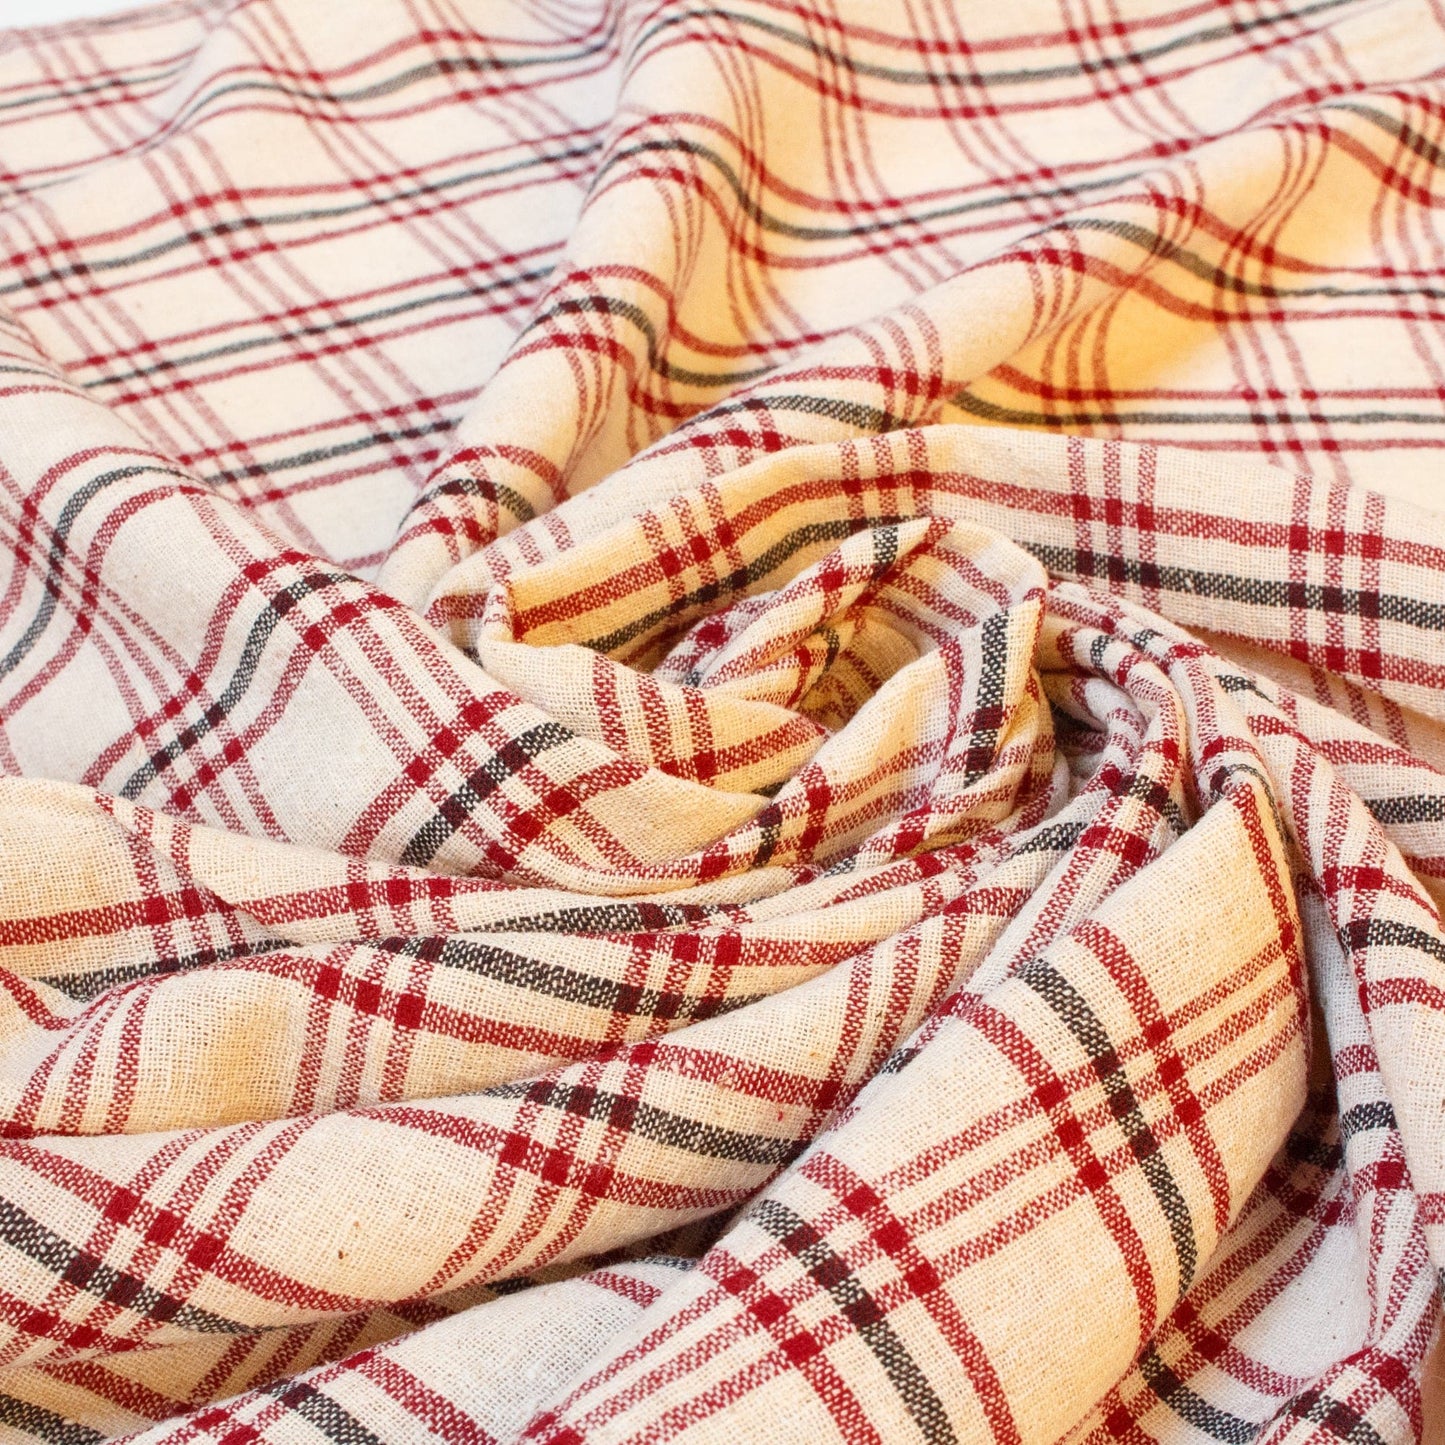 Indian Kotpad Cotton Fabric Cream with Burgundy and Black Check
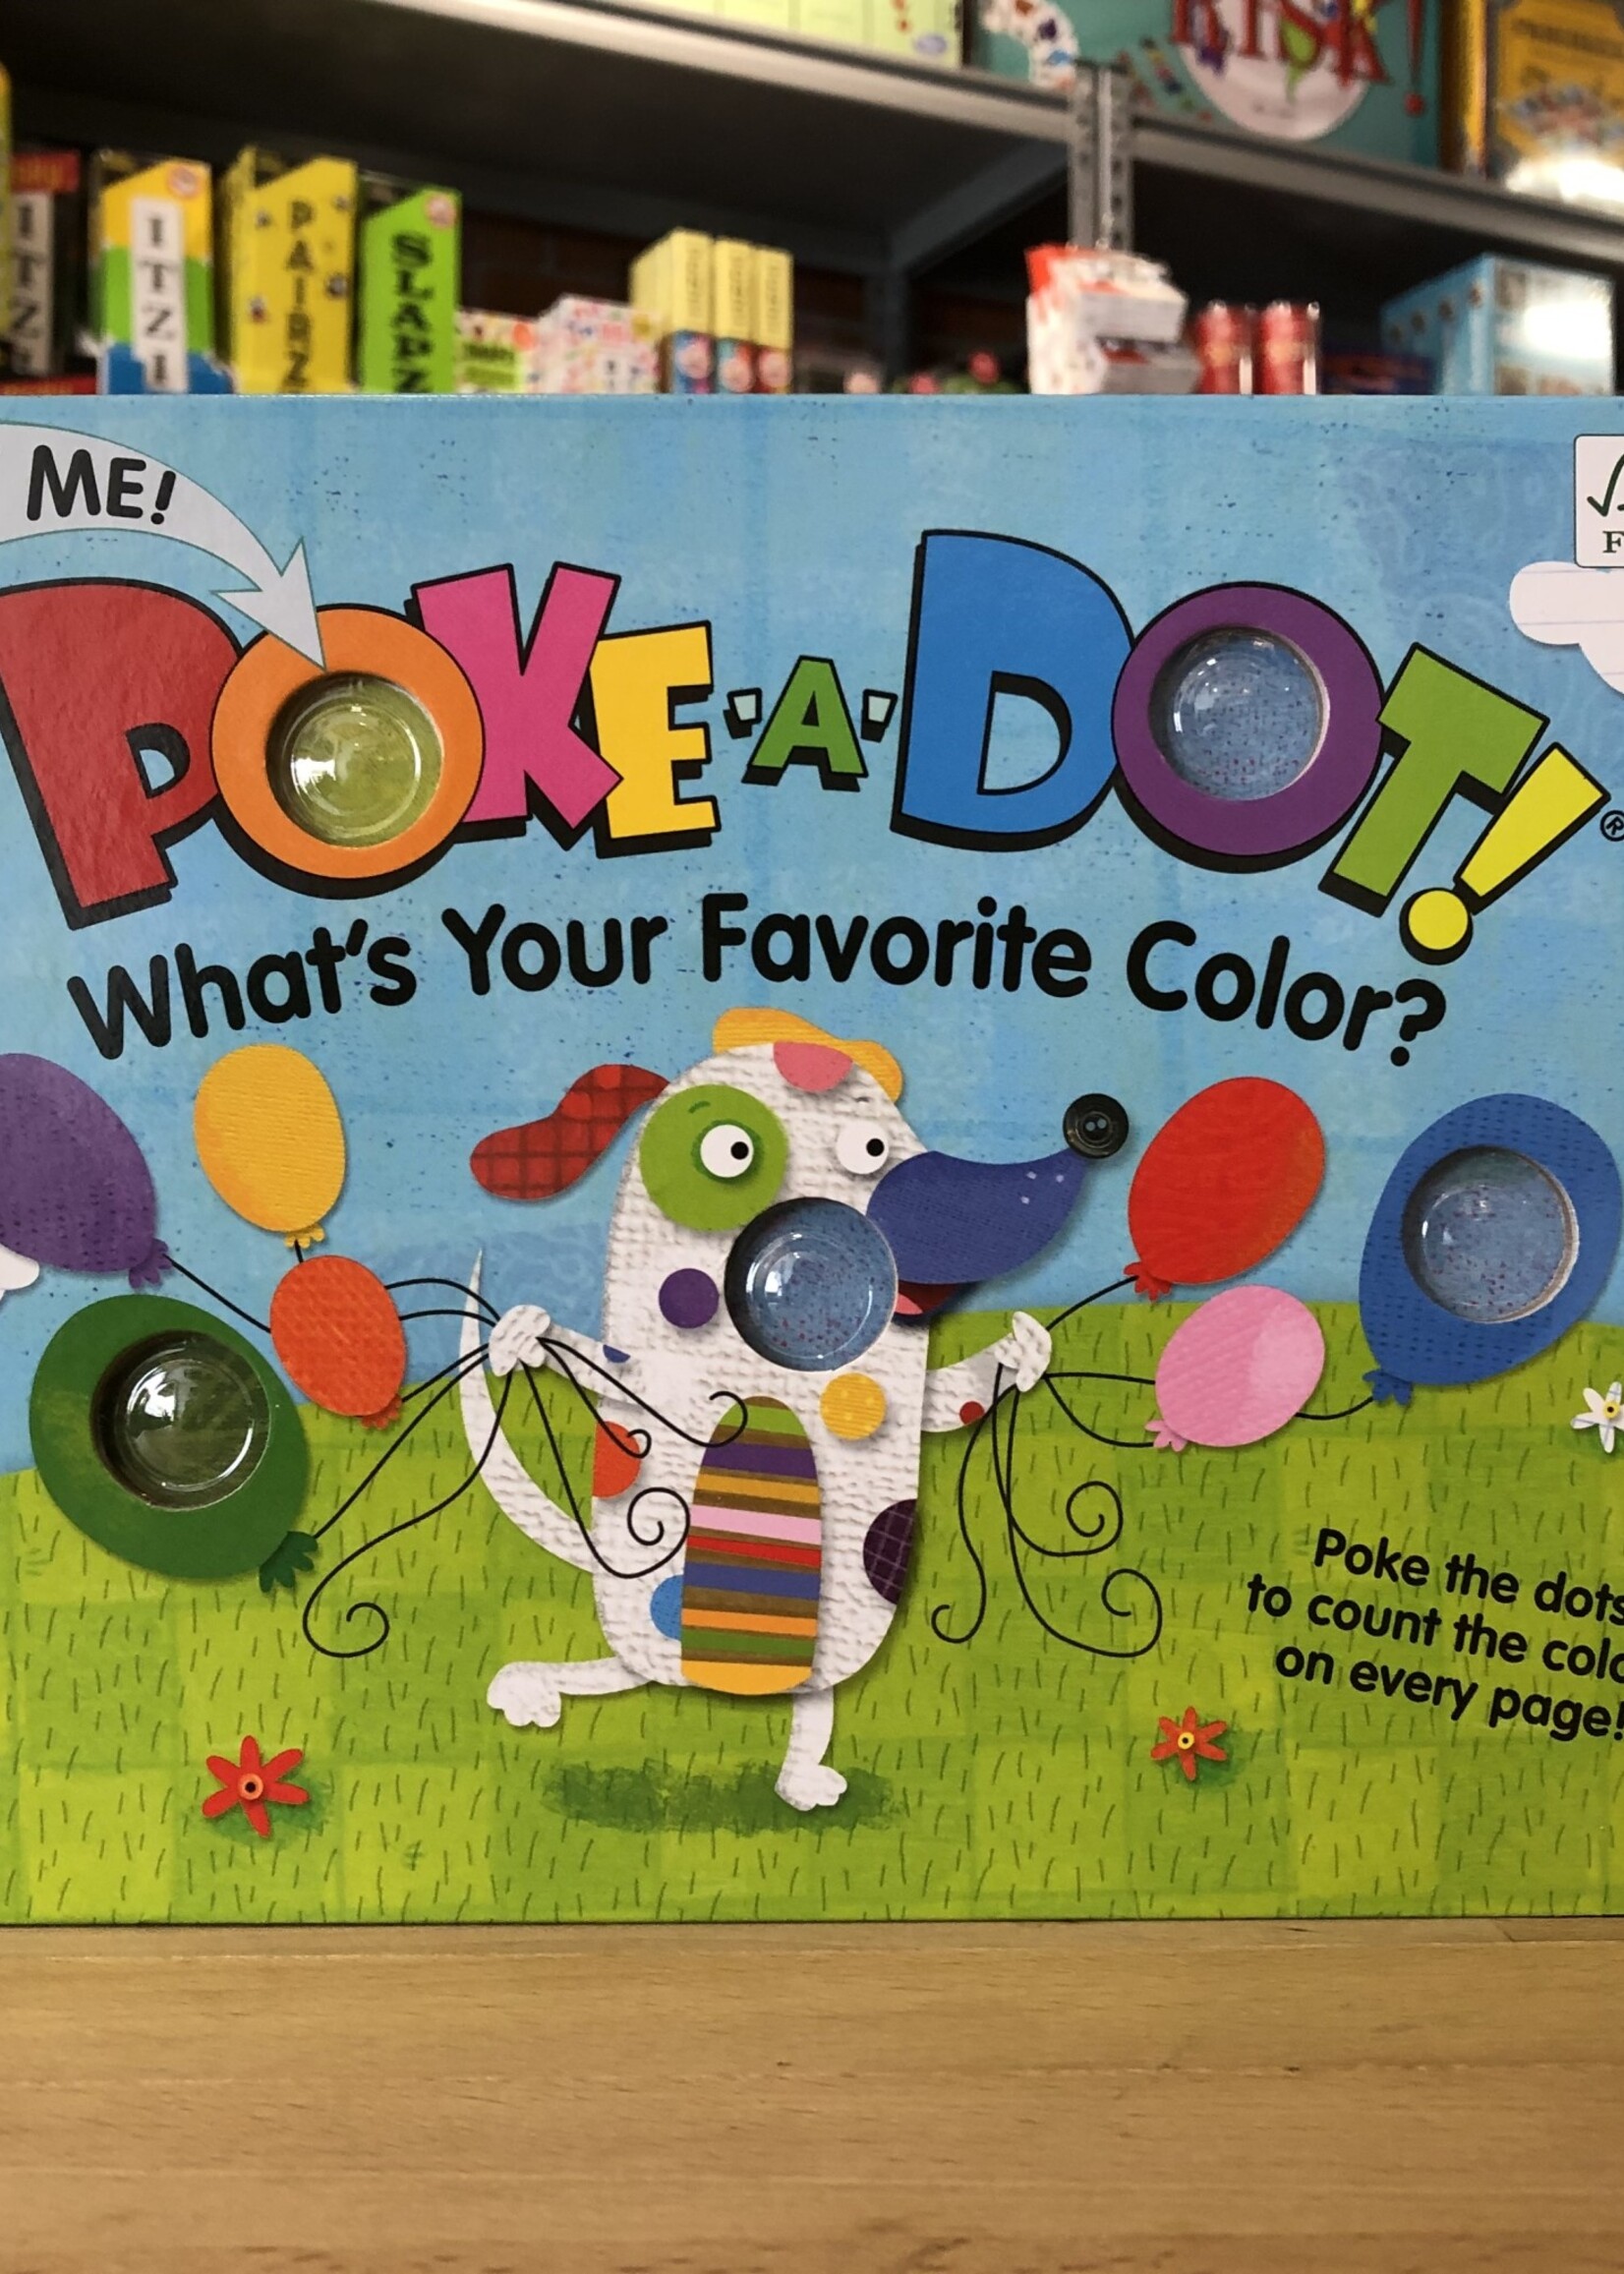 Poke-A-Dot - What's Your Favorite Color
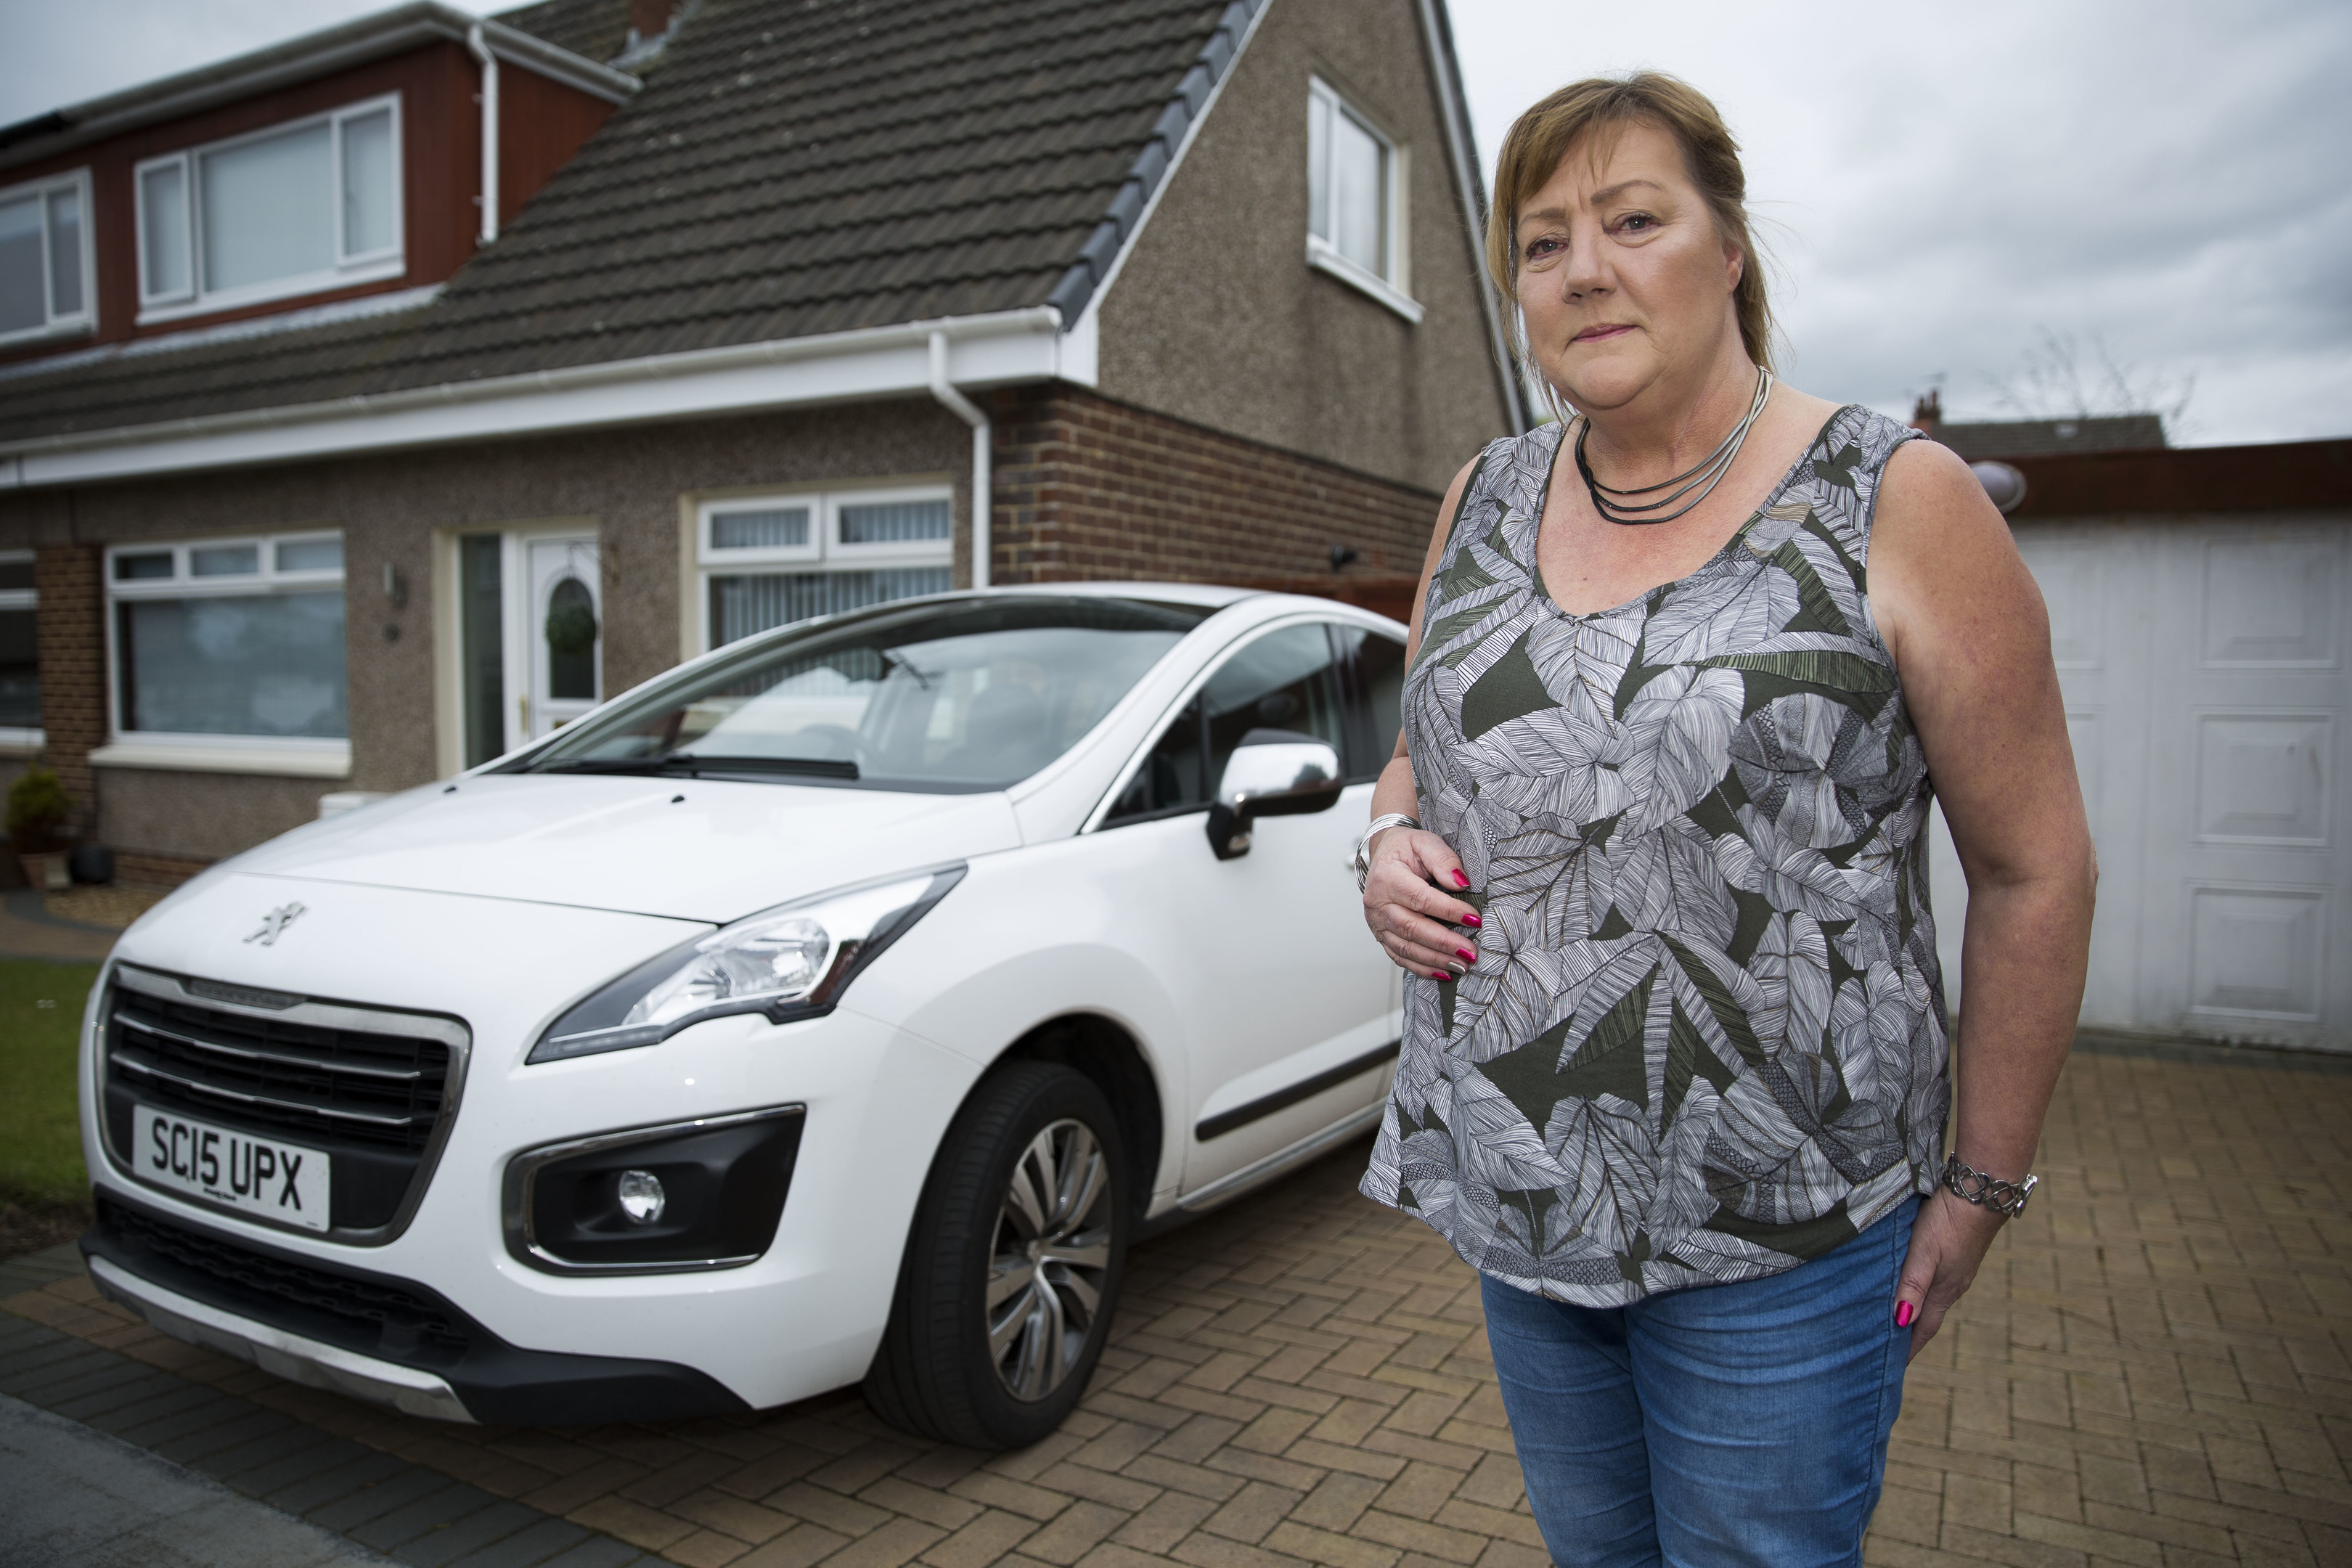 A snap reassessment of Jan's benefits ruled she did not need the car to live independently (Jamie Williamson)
===============
▶ EXERCISE DIRECTIONS
Every line of the material must be returned exactly; leave the images out.

▶ TASK RESPONSE
 Indian Kotpad Cotton Fabric Cream with Burgundy and Black Check
 Poke-A-Dot - What's Your Favorite Color
 A snap reassessment of Jan's benefits ruled she did not need the car to live independently (Jamie Williamson)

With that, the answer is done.